Alexandra and Michael Misczynski, the wife-and-husband team behind the Los Angeles–based AD100 design firm Atelier AM, are standard-bearers for the increasingly superannuated concepts of quality and connoisseurship. In an image-driven culture, where novelty and extravagance so often masquerade as virtues, the Misczynskis remain steadfast in their belief that true style can emerge only from substance. It’s an old-fashioned idea, perhaps, but as the firm’s work so eloquently demonstrates, it can be applied in ways that celebrate the present and future as well as the past.
Consider the spectacular Montecito estate recently reimagined by Atelier AM in collaboration with Richard Manion Architecture. Built in 1930 by architect Reginald Johnson, author of such Southern California landmarks as the Santa Barbara Biltmore Hotel and the mansion at Ganna Walska Lotusland, the Montecito property was ripe for reinvention when it was purchased roughly seven years ago by longtime clients of both the Misczynskis and Manion. Instead of a slavish renovation that would have ossified the Italianate villa into a baronial relic, the designers conspired to revitalize the home in order to serve contemporary tastes and needs without sacrificing any of its patrician élan.
“The house had been bastardized over the years, and we wanted to bring it back to what it had been, but not in a literal sense,” Michael explains. “Our work was more of a reinterpretation, calculated to instill a modern spirit and energy suitable for a similarly modern, multigenerational family.”
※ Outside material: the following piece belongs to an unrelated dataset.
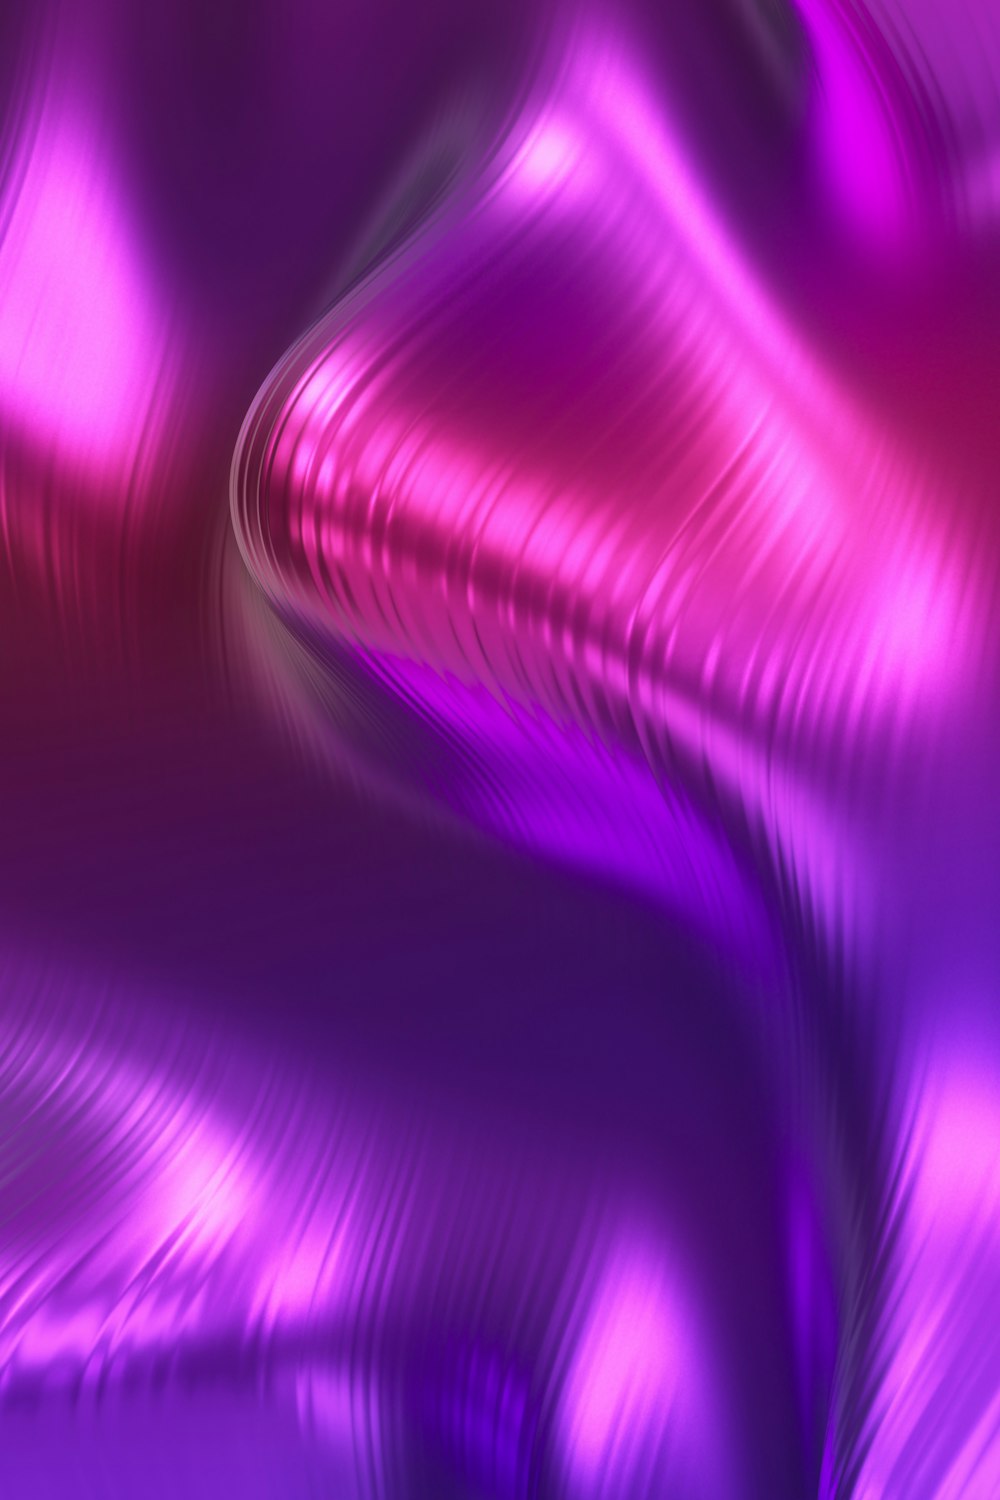 Hình nền tím hồng với họa tiết sóng sẽ đưa bạn vào một không gian tươi sáng, vui tươi. Tông màu tím hồng tươi sáng kết hợp với họa tiết sóng độc đáo, tạo nên một không gian tràn đầy năng lượng và tích cực. Hãy bấm vào hình ảnh để khám phá và thưởng thức chiếc hình nền đẹp này nhé!

Atelier AM’s modus operandi is predicated on a reverence for patina and the evidence of appreciation that materials accrue over years of loving use. In the Montecito project, that approach is manifested in the deployment of reclaimed, timeworn wood beams and decking, vintage terra-cotta tile floors, artisanal plaster, Italian marble, and ample architectural details of gray Pietra Serena sandstone. “It was a favorite building material of Brunelleschi’s,” Manion says, striking an appropriately lofty Renaissance note.
The Misczynskis outfitted the graciously scaled rooms with meticulous compositions that span centuries—indeed, millennia—of art and design. Gilded Italian furnishings from the Baroque and Rococo periods mingle amicably with important 20th-century French tables and chairs by Jean-Michel Frank, Jean Royère, and Jean Dunand. Lighting encompasses a magnificent Viennese giltwood chandelier, a floor lamp by Alberto Giacometti, repurposed Han Dynasty vases, and a flamboyant confection of Murano glass that hangs above the dining table. A Roman statue of Fortuna and a nearly 5,000-year-old Bactrian stone object expand the heady mix into the realm of the ancient.
The natural hues and textures of the wood, plaster, and stone building materials establish the serene mood of the rooms, while jewel-toned upholstery silks and velvets add strategic jolts of lush color. “We don’t do a lot of kooky wallpapers and graphic prints,” Alexandra says. “Our color sensibility is a bit more subtle and organic. We focus on form, line, and the integrity of the objects that inhabit our interiors.”
The Misczynskis’ sympathetic embrace of both the antique and the contemporary is manifested with particular brio in the design of the newly expanded kitchen. Beneath a ceiling of rough-hewn, reclaimed wood beams, two minimalist stainless-steel islands, as taut as Donald Judd boxes, suggest a home that has evolved over time, with modern amenities unapologetically inserted into a historic envelope.
“It’s not about artificial theatrics,” Michael says of the style clash. “We simply believe that the past and the present do not exist in opposition. They are complementary. Harnessing the tension between the two to create something beautiful, meaningful, and of the moment—that’s the essence of modernity.”